• TASK STATEMENT:
Begin with the line that holds "Dotted Swiss Fabric" and retype through the last line of the listing below, exactly; pictures are not part of the copy.

• RAW DATA:
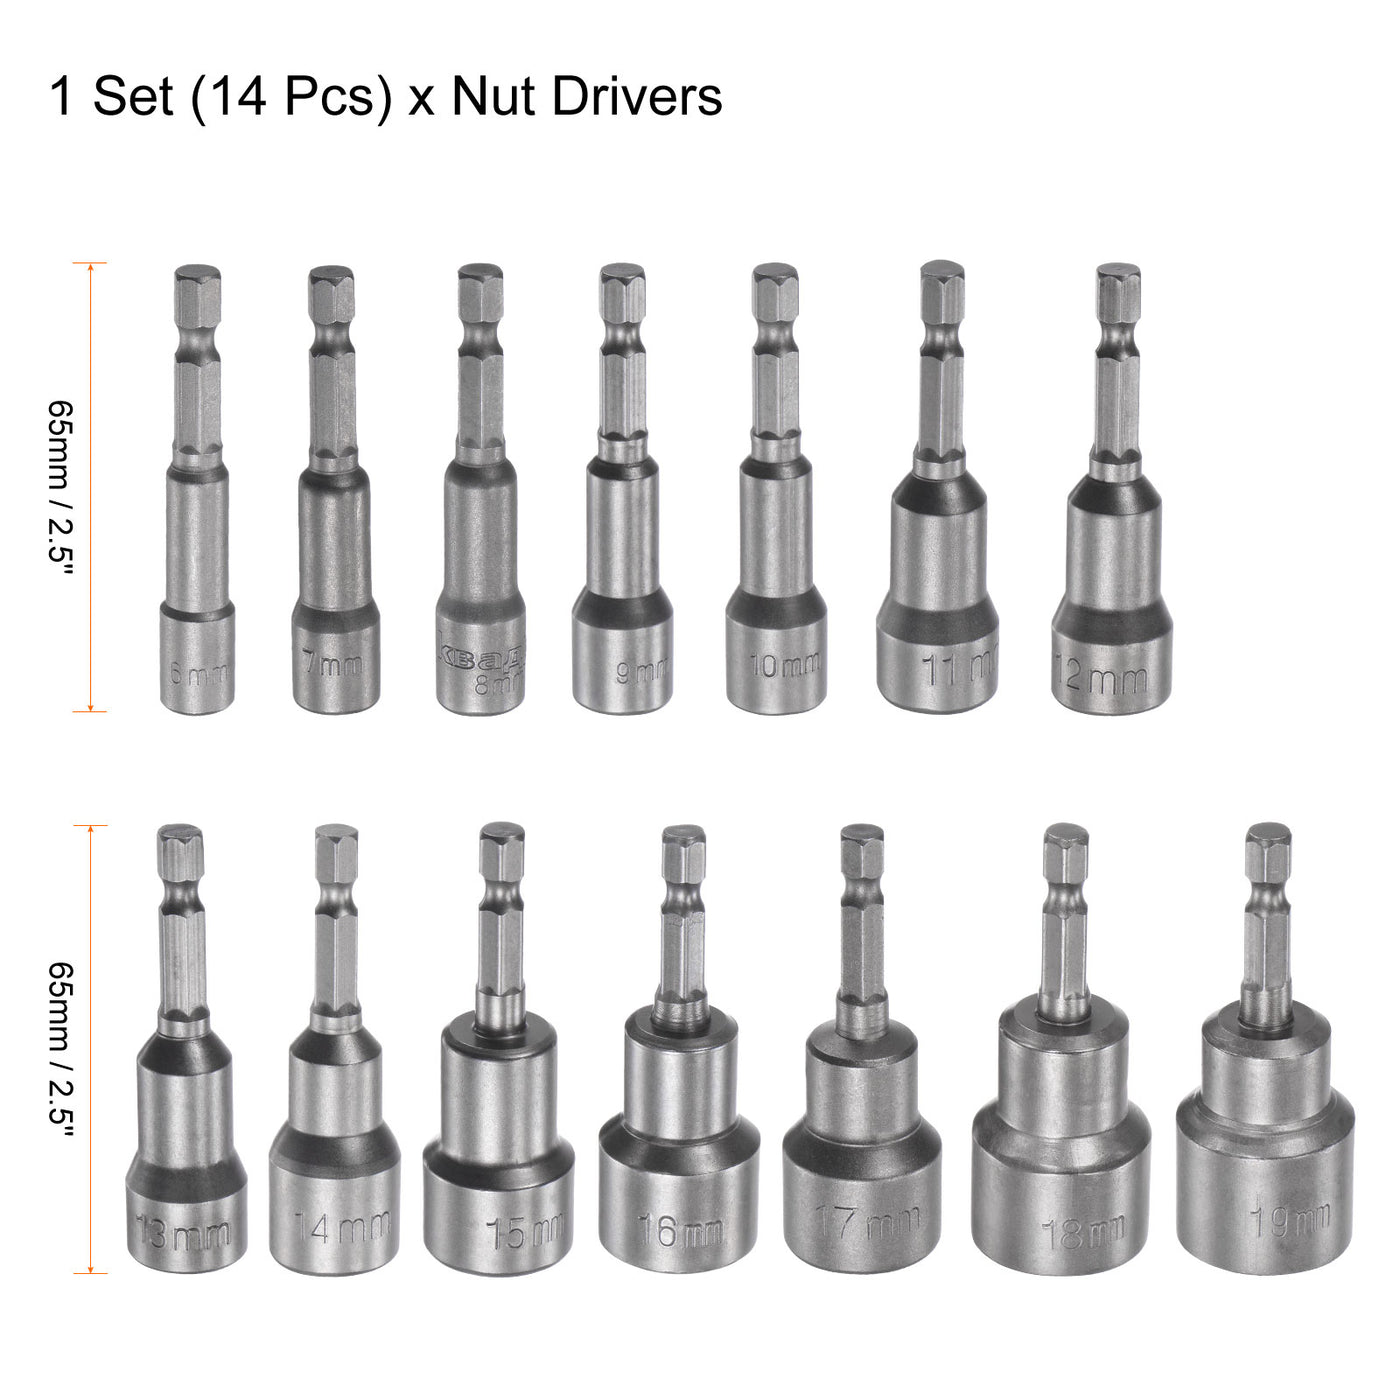 uxcell Uxcell 1/4" Quick-Change Hex Shank 6-19mm Magnetic Nut Driver Bit Set of 14 Piece, CR-V
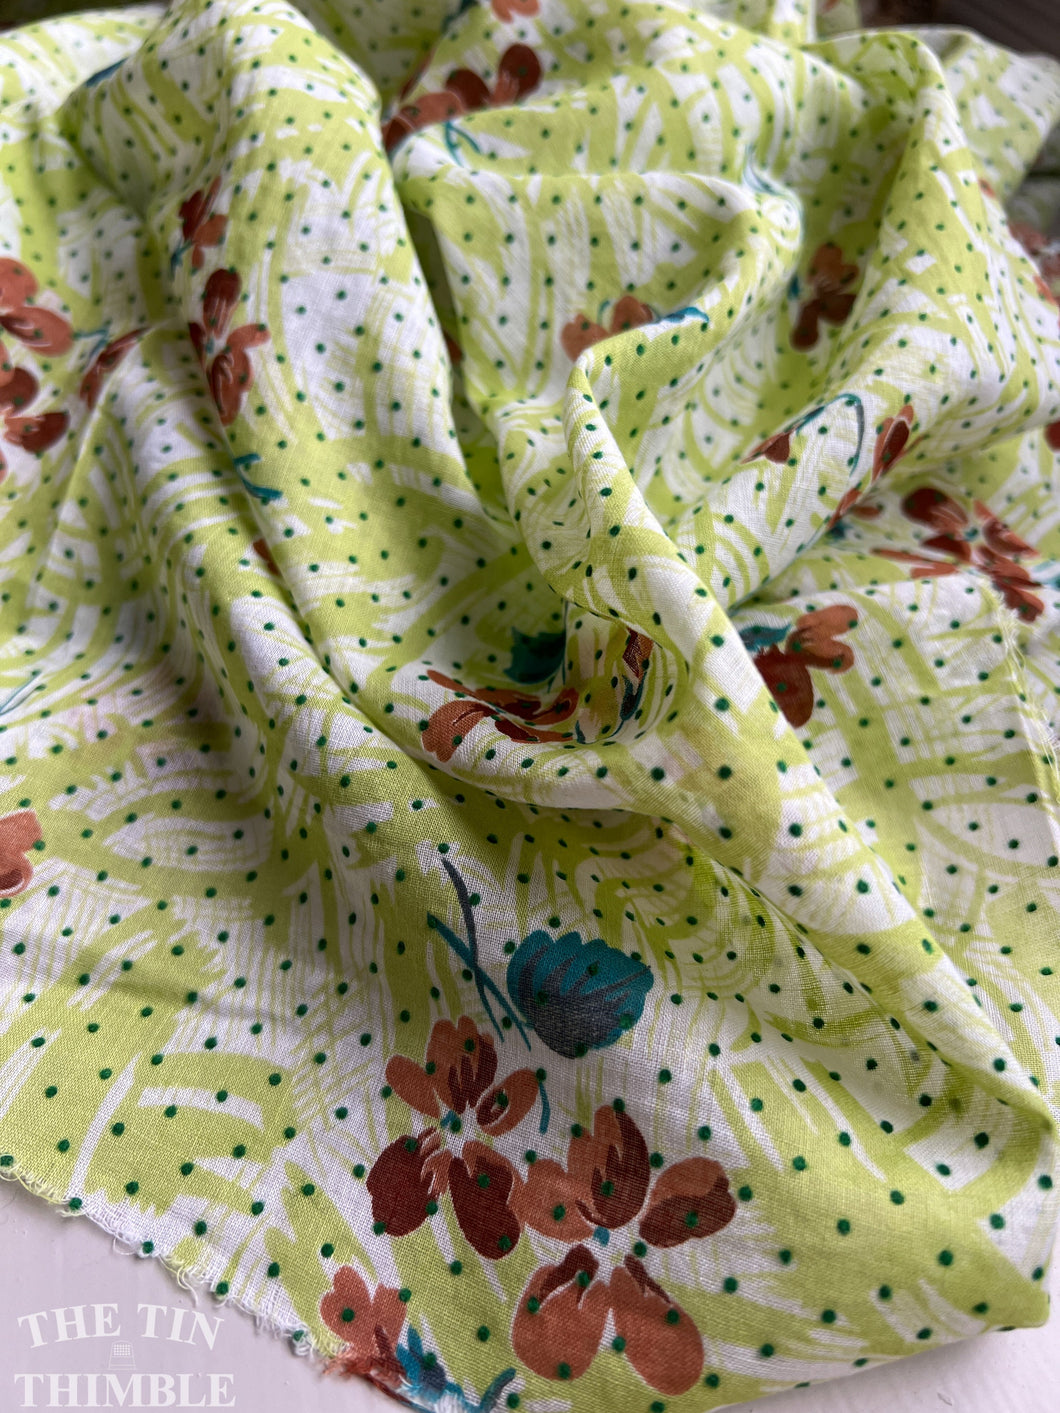 Dotted Swiss Fabric - Vintage 1960s Raised Dotted Swiss Piece in Green, White, Brown and Blue - Cotton - By the Yard x 34
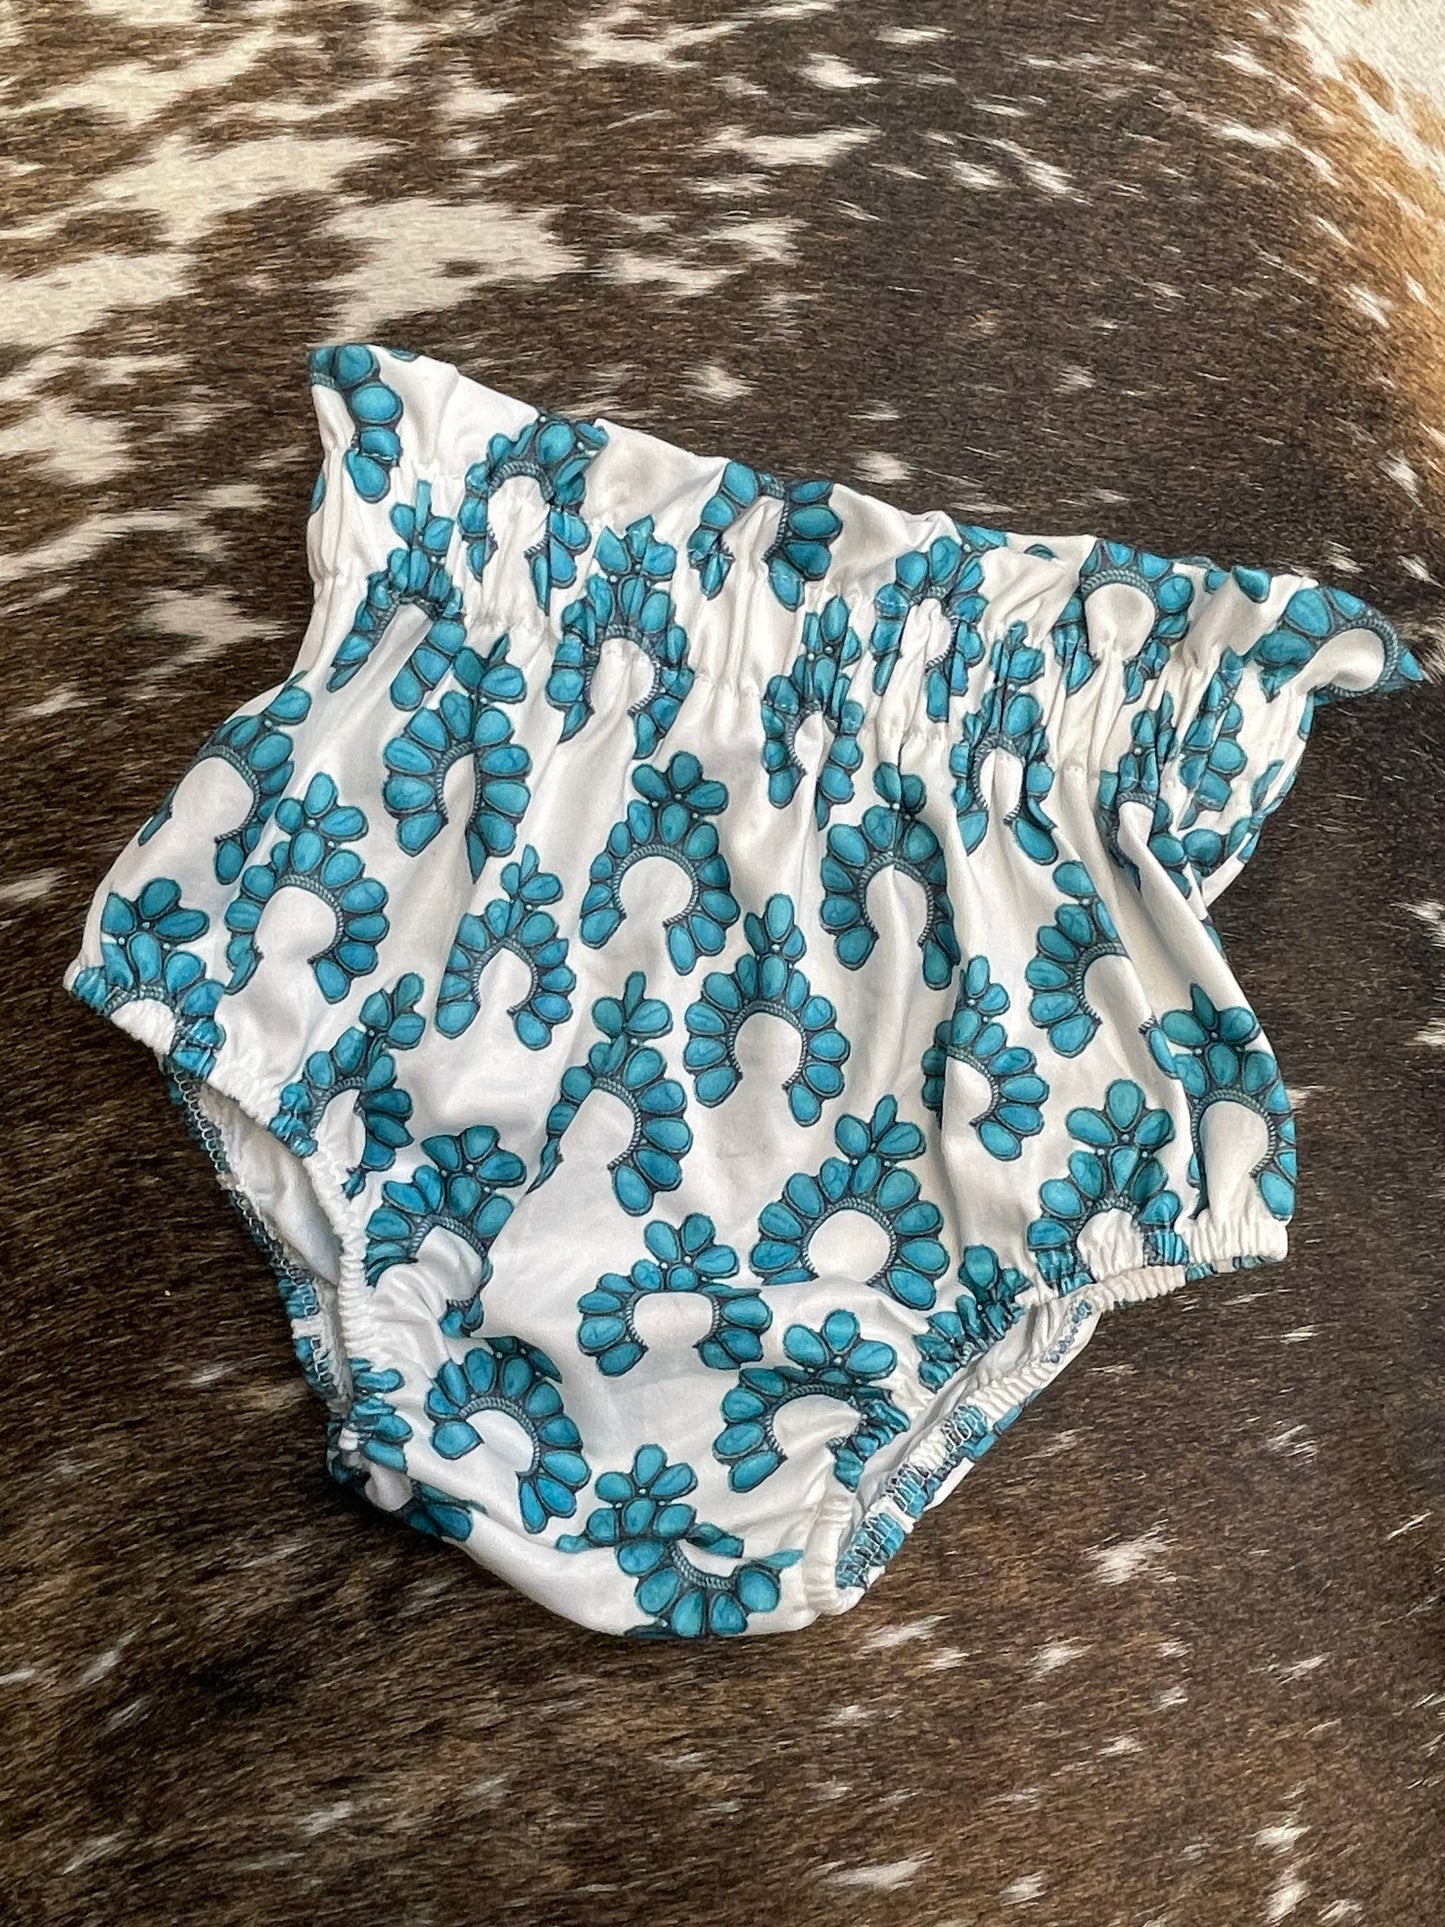 The Turquoise Queen Bloomers
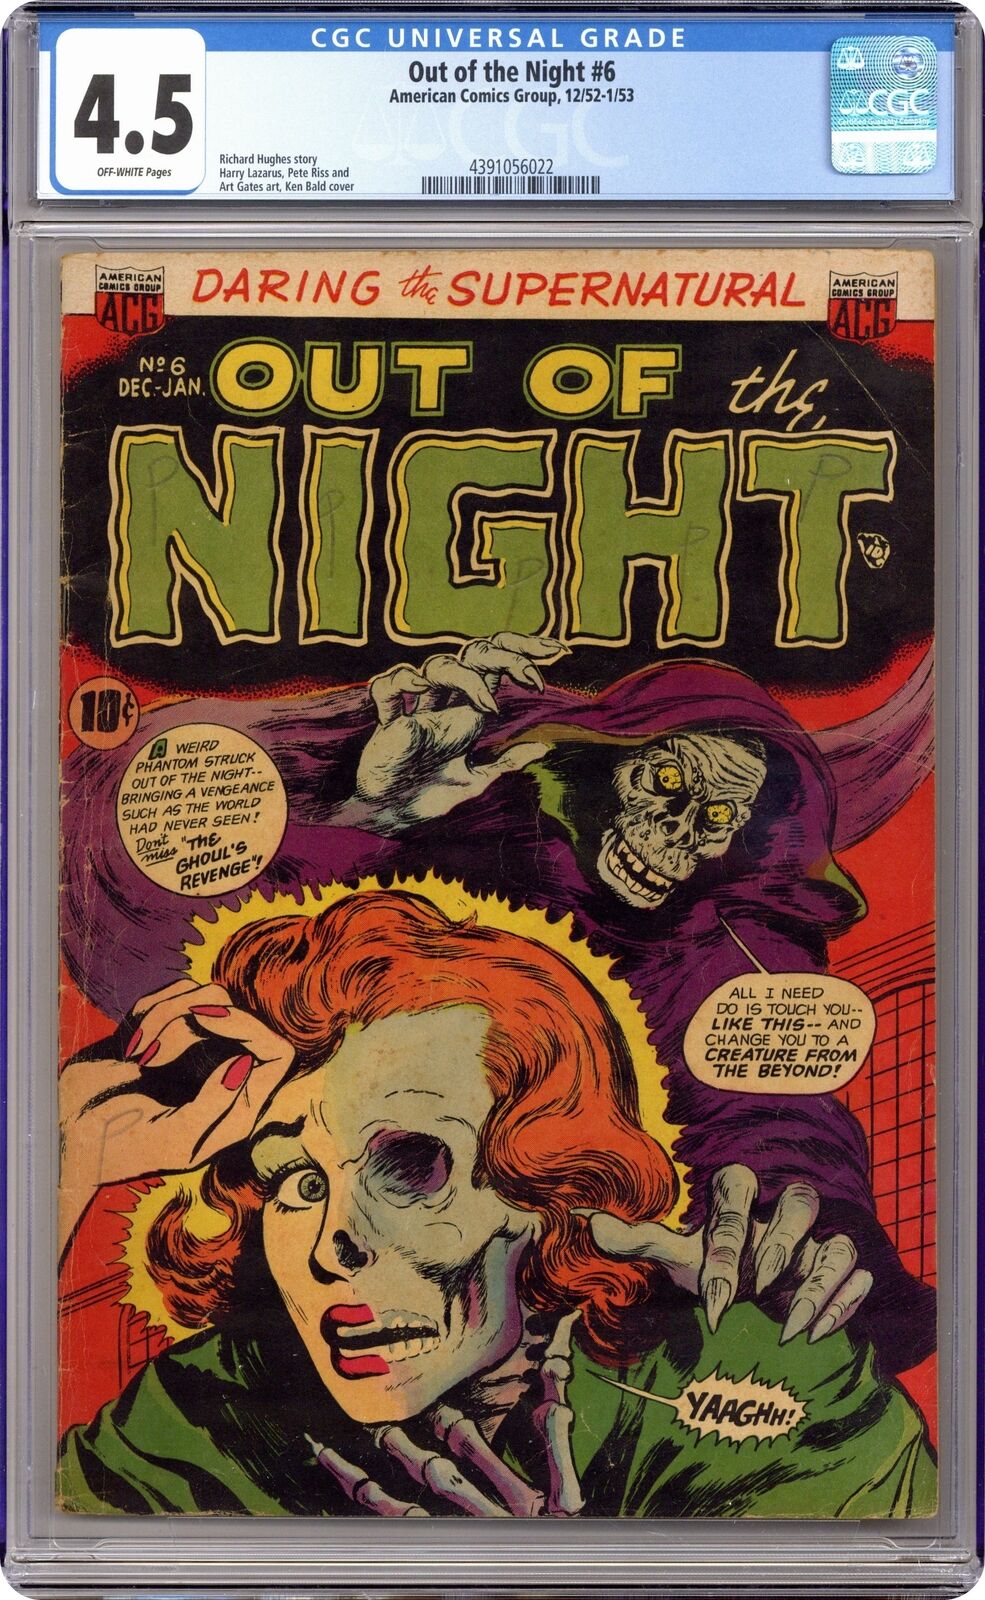 Out of the Night #6 CGC 4.5 1952 4391056022

• RESPONSE TO THE TASK:
 Dotted Swiss Fabric - Vintage 1960s Raised Dotted Swiss Piece in Green, White, Brown and Blue - Cotton - By the Yard x 34
 The Turquoise Queen Bloomers
 Out of the Night #6 CGC 4.5 1952 4391056022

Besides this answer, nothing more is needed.